A Assembleia-Geral das Nações Unidas voltou hoje a debater a guerra em Gaza, depois de os Estados Unidos terem vetado no Conselho de Segurança, em dezembro, uma alteração russa a uma resolução para impulsionar o envio de ajuda humanitária. Sem a emenda, a resolução foi aprovada, embora com a abstenção tanto de Washington como de Moscovo.
A alteração russa teria incluído um apelo para um cessar-fogo na Faixa de Gaza, onde, desde 7 de outubro, mais de 23 mil pessoas foram mortas e 1,9 milhões estão deslocadas devido aos bombardeamentos e a uma ofensiva terrestre israelitas para eliminar o Hamas, desde 2007 no poder no enclave palestiniano e classificado como organização terrorista pelos Estados Unidos, a União Europeia e Israel.

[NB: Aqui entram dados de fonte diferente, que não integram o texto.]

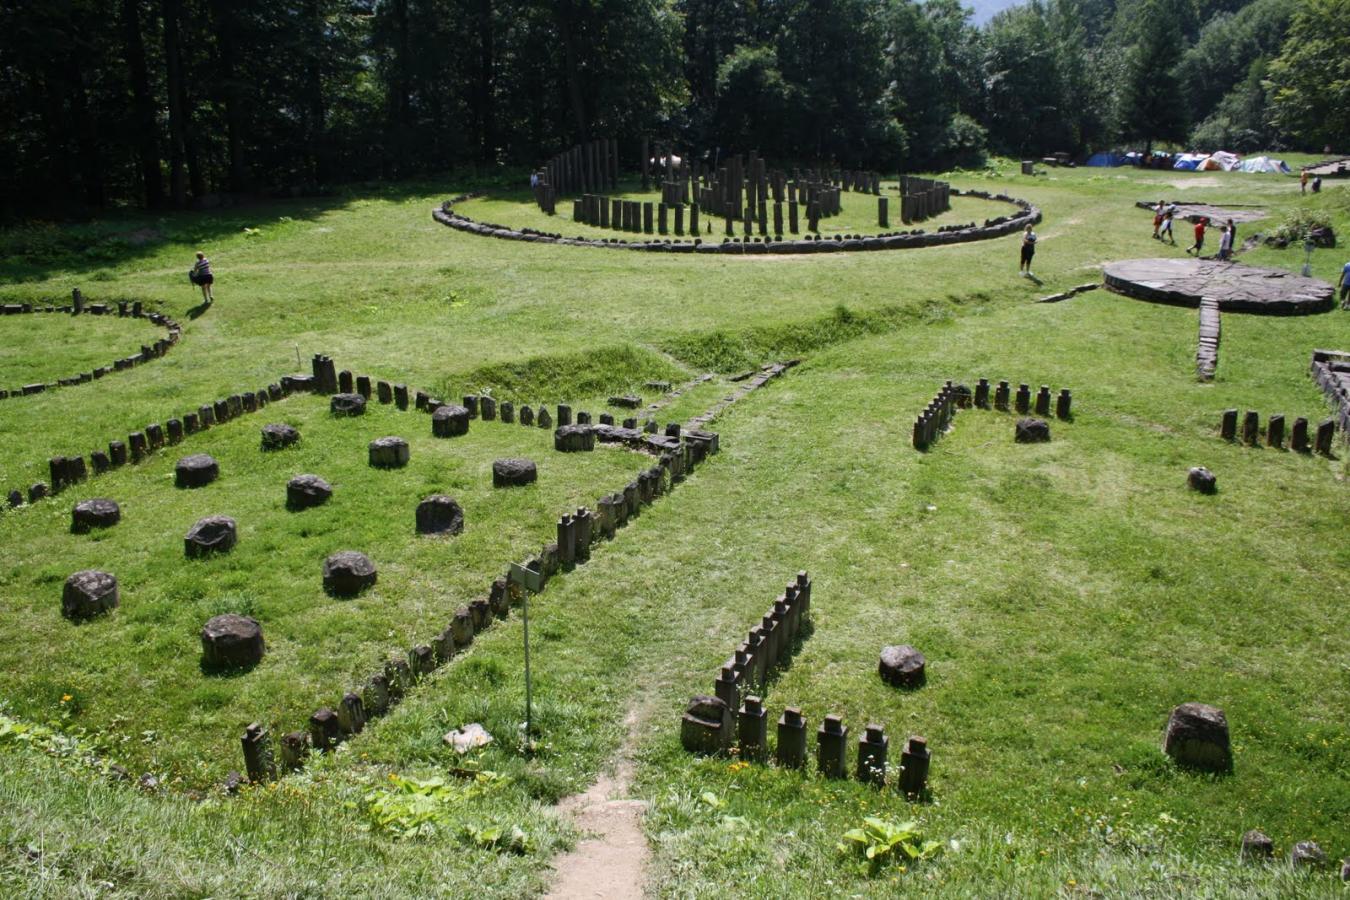 Cetatea dacică Sarmizegetusa Regia și-a redeschis porțile pentru vizitatori
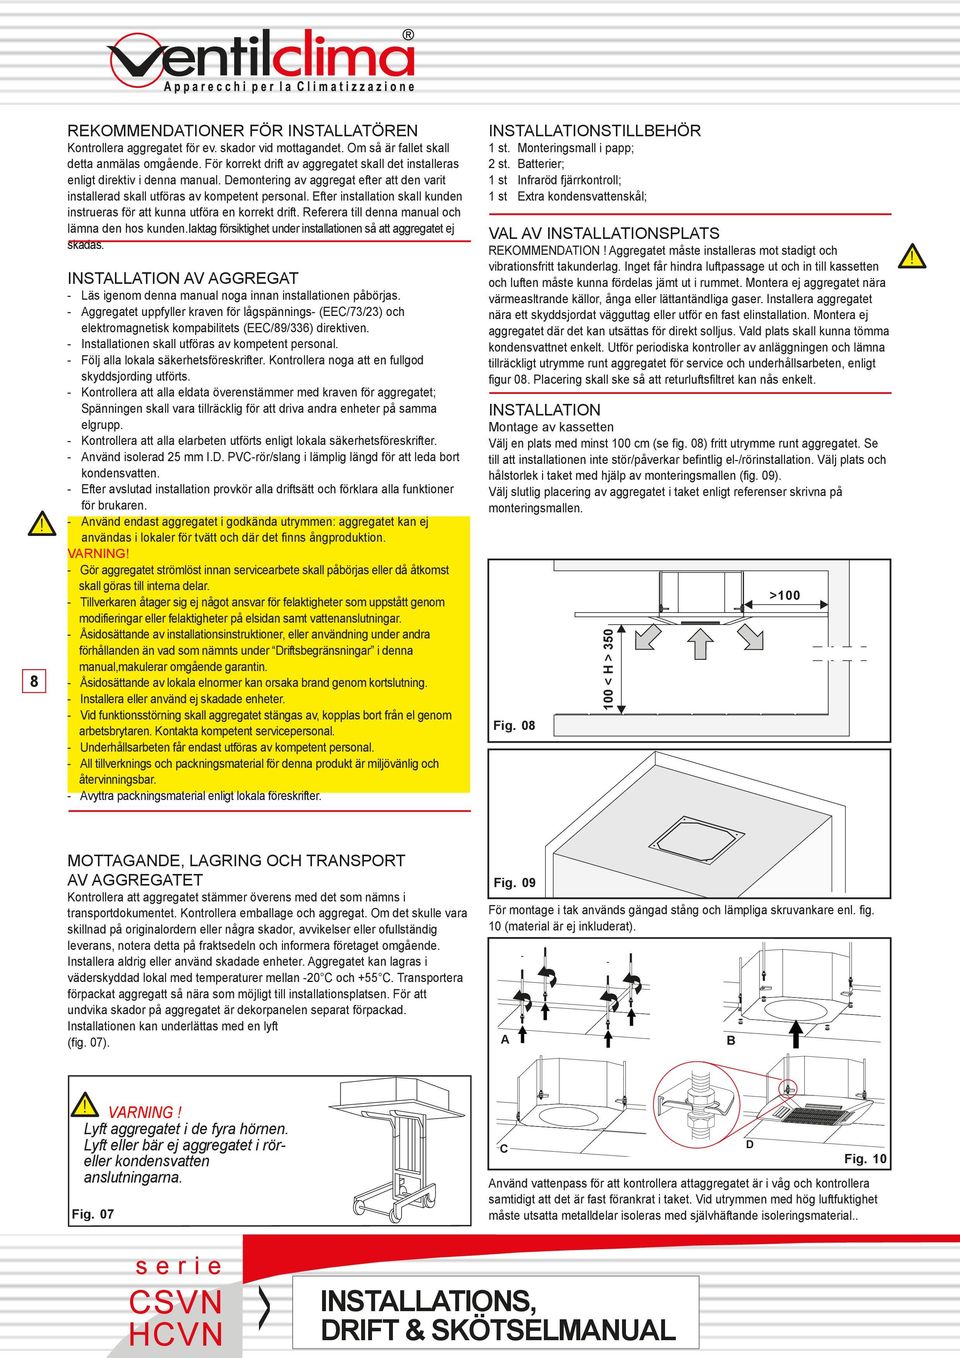 Referera till denna manual och lämna den hos kunden.iaktag försiktighet under installationen så att aggregatet ej skadas.

Num discurso proferido na Assembleia-Geral, o representante norte-americano Robert Wood acusou a Rússia de “propor emendas e ideias desfasadas da situação no terreno”.
“É profundamente preocupante que tantos Estados-membros pareçam ter deixado de falar do drama dos mais de 100 reféns sequestrados pelo Hamas e outros grupos”, disse Wood.
O norte-americano alinhou-se assim com a posição do governo de Israel, que defende que um cessar-fogo na Faixa de Gaza serviria apenas para dar ao Hamas tempo para se rearmar e lançar outro ataque como o que perpetrou a 7 de outubro em território israelita, que fez 1.139 mortos e cerca de 250 reféns, 127 dos quais permanecem em cativeiro.
O embaixador israelita na ONU, Gilad Erdan, reiterou as suas críticas à organização, que acusou de estar “moralmente falida”, por se concentrar em pedir ajuda para os civis em Gaza sem antes fazer tudo para libertar os reféns.
“A ONU é uma arma de guerra nas mãos dos terroristas”, chegou a dizer o representante de Israel, que voltou a pedir a demissão do secretário-geral, António Guterres.
A posição está longe de ser a da maioria dos membros da organização, que hoje reiteraram o seu apelo para um cessar-fogo no enclave palestiniano.
No entanto, não foram os embaixadores dos Estados-membros da ONU os únicos a pronunciar-se hoje a favor de um cessar-fogo: um grupo de “rabinos por um cessar-fogo” levou cartazes para a sede do Conselho de Segurança para apelar ao Governo dos Estados Unidos para que deixe de vetar este tipo de resoluções.
“Biden: o mundo diz cessar-fogo”, podia ler-se num dos cartazes que o grupo levou para a sala, que estava vazia, uma vez que hoje não está prevista qualquer reunião daquele órgão.
No mesmo sentido se expressou no seu discurso na Assembleia-Geral o representante palestiniano na ONU, Riyad Mansour, que perguntou como é possível pensar que a ONU, as organizações humanitárias e milhões de pessoas em todo o mundo “estão erradas” ao pedir um cessar-fogo no enclave.
“Não é motivo de orgulho estar-se errado sozinho”, observou Mansour.
Na sequência da invasão russa da Ucrânia, a Assembleia-Geral da ONU adotou uma nova regra que a obriga a discutir qualquer veto emitido no Conselho de Segurança pelos seus cinco membros permanentes: Estados Unidos, China, Rússia, França e Reino Unido.
No entanto, e apesar de múltiplos apelos de um grande número de países representados na Assembleia-Geral, tem sido até agora impossível proceder a uma reforma do Conselho de Segurança para eliminar, restringir ou mesmo alargar a outros Estados o direito de veto dos seus membros permanentes.
A Assembleia Geral, onde cada Estado-membro das Nações Unidas tem um voto, não pode aprovar resoluções vinculativas, servindo apenas para expressar as posições da maioria dos seus membros acerca dos temas sobre os quais o Conselho de Segurança se debruça.
Em dezembro, uma esmagadora maioria de 153 países votou a favor de uma resolução apelando para “um cessar-fogo humanitário imediato” na Faixa de Gaza, depois de os Estados Unidos terem vetado uma iniciativa semelhante no Conselho de Segurança.
Só dez países votaram contra: Estados Unidos, Israel, Áustria, República Checa, Micronésia, Papua-Nova Guiné, Nauru, Libéria, Guatemala e Paraguai.